Find assets that have Windows Time service that is running

service: (name: Windows Time AND status: running)

Suffix matching for Events tab

Suffix matching is supported for searching events for the fields: asset.name, asset.netbiosName, asset.operatingSystem, actor.userID, actor.process, profile.name, profile.rule.name, registryKey.name, file.name. You can match event fields "ending in" a string you specify - using a string that starts with *.

Note: Matches are case insensitive.

Example: This query matches events with an asset name ending in "122", example - WIN10-122.

asset.name:*122

Example: This query matches events with file name ending in exe, example - Explorer.exe.

file.name:*.exe

Suffix based searches are applicable only for Events tab in FIM.

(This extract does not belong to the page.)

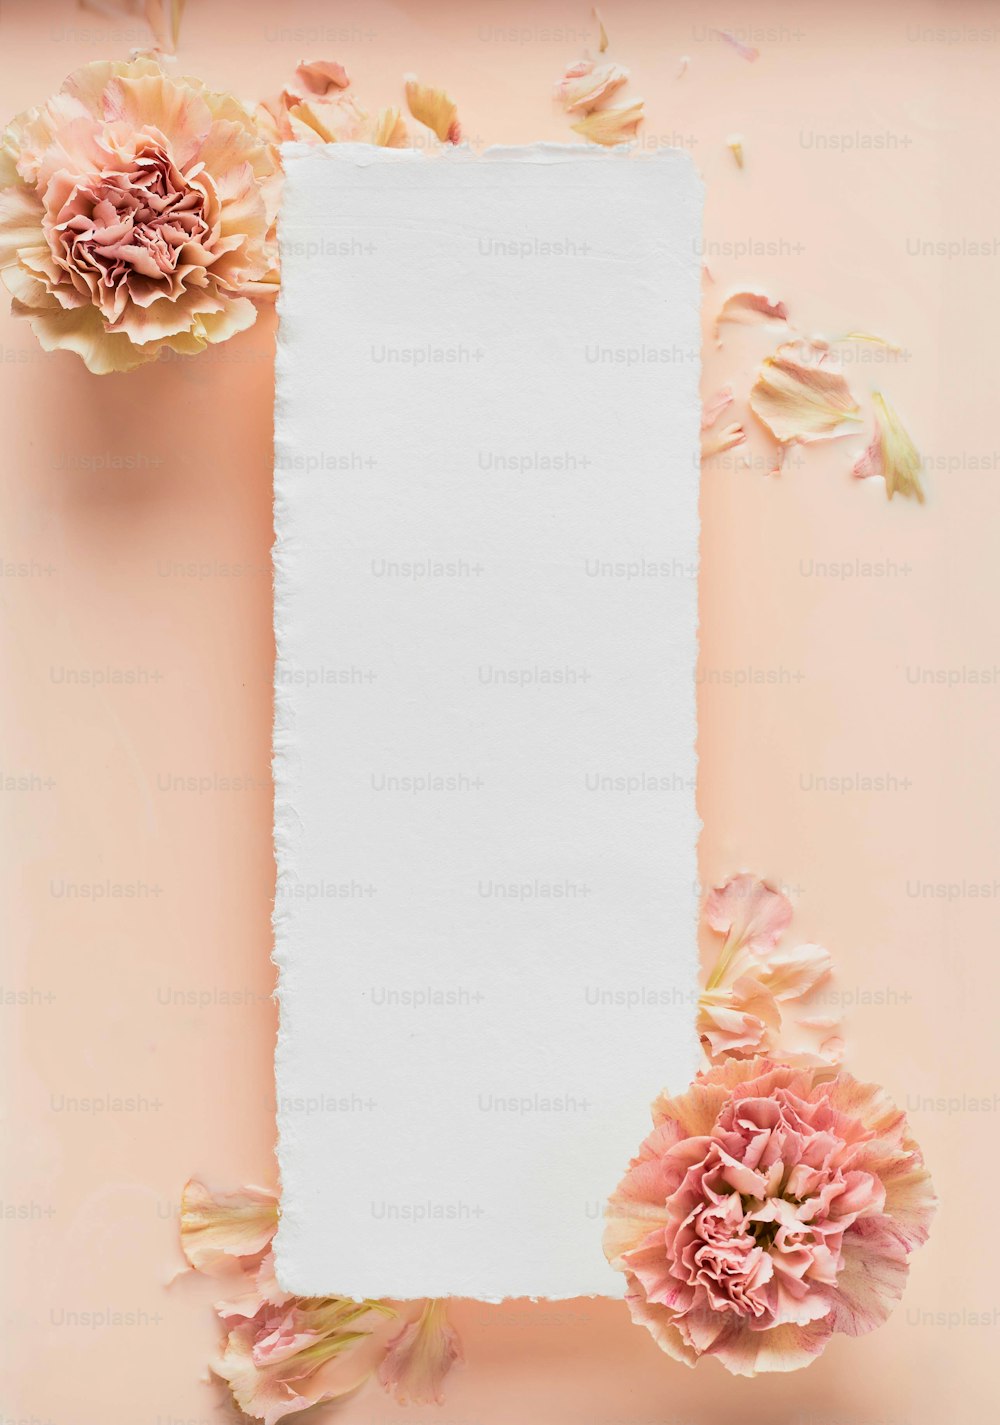 un papel en blanco rodeado de flores sobre un fondo rosa

Prefix matching for Events tab

Prefix matching is supported for searching events using certain text fields such as: asset.name, asset.netbiosName, asset.operatingSystem, actor.userID, actor.process, profile.name, profile.rule.name, registryKey.name, file.name. You can match event values "starting with" a string you specify - using a string that ends with *.

Note: Matches are case sensitive.

Example: This query matches events with an asset name starting with "xp", example - xpsp2-jp-26-111.

asset.name:xp*

Example: This query matches events with file name starting with "Expl" example - Explorer.exe.

file.name:Expl*

Example: This query matches events with assets having operating system starting with "Lin", example - Linux 2.4-2.6.

asset.operatingSystem:Lin*

Note: Wildcards can only be used for prefix and suffix matching (as described above). Substring wildcards are not supported, that is, you cannot search for a string in the middle of another string.

Prefix based searches are applicable only for Events tab in FIM.